First chosen by England whilst still at university in 1982, Derek featured in the national side for the next 11 years. He played 30 Tests, 44 One Day Internationals, and appeared in 2 World Cups. Inside the dressing room, and out on the pitch, Derek witnessed at first hand an era of English cricket populated by characters such as Botham, Gooch, Lamb, and Gower. An era so far removed from today's rather anodyne sporting environment. And it wasn't just at international level that the sport lived life to the full. He was an integral part of Essex's all conquering side that won the County Championship 6 times as well as numerous one day trophies. Full of insight and experience, here is the story of one of English cricket's most tumultuous periods told by someone who was there.
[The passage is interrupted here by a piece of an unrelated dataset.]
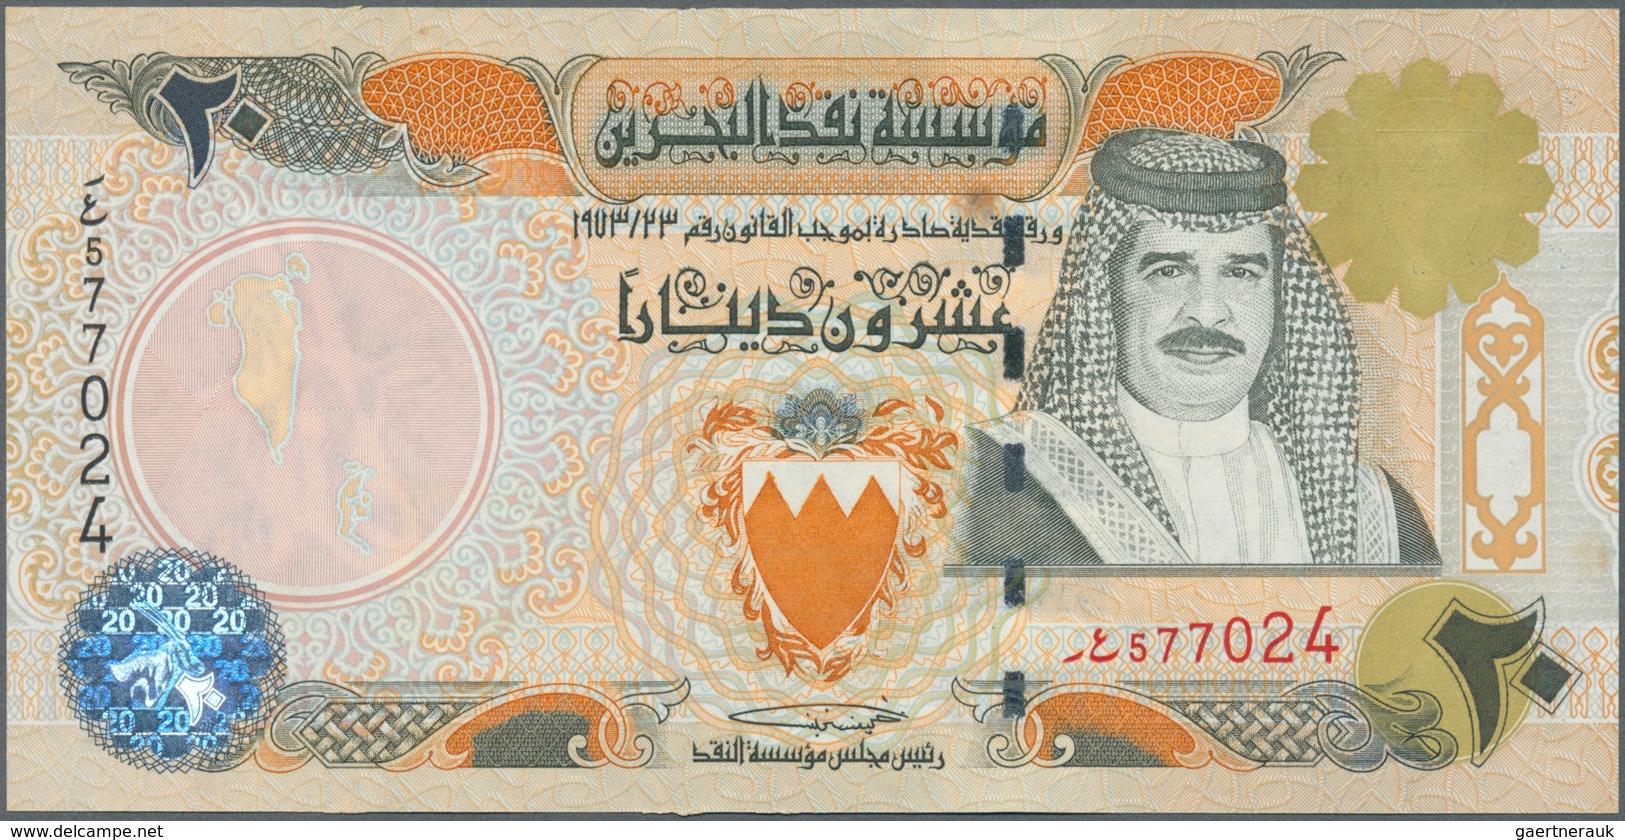 01109 Bahrain: Set Of 2 CONSECUTIVE Banknotes Of 20 Rials ND P. 24 With Serial Numbers #577024 & #577025, - Bahrein

‘As a reminder of how the game has changed, moving from one extreme to the other, from sham-professionalism to uber-professionalism, it’s hard to beat. Pringle’s tale is both a love letter to the greatest player of his generation, Sir Ian Botham – a poignant reminder of just what a mesmerising grip Beefy held over contemporaries and the wider English game – and an engaging romp in which cricket often plays only a walk-on part. That, despite the author’s playing record that included 30 Tests, 44 ODIs, six County Championship titles with Essex and a World Cup final, a CV that most would be proud to take to the grave.’ - Mike Atherton, The Times
Derek Pringle played for Essex between 1978 and 1993. He was a member of the successful sides of the 1980s and early 1990s alongside cricketers such as Graham Gooch, Mark Waugh, Nasser Hussain, John Lever and Neil Foster.
In that period Essex won the County Championship six times. As an undergraduate, Pringle played for Cambridge University and was called up for England in 1982. Pringle went on to play 30 Tests until 1992, scoring 695 runs and taking 70 wickets.
He also played in 44 One Day Internationals between 1982 and 1993. He appeared in two World Cups including England's 1992 Cup Final team. After his playing days, he became a cricket correspondent firstly with The Independent and then The Daily Telegraph.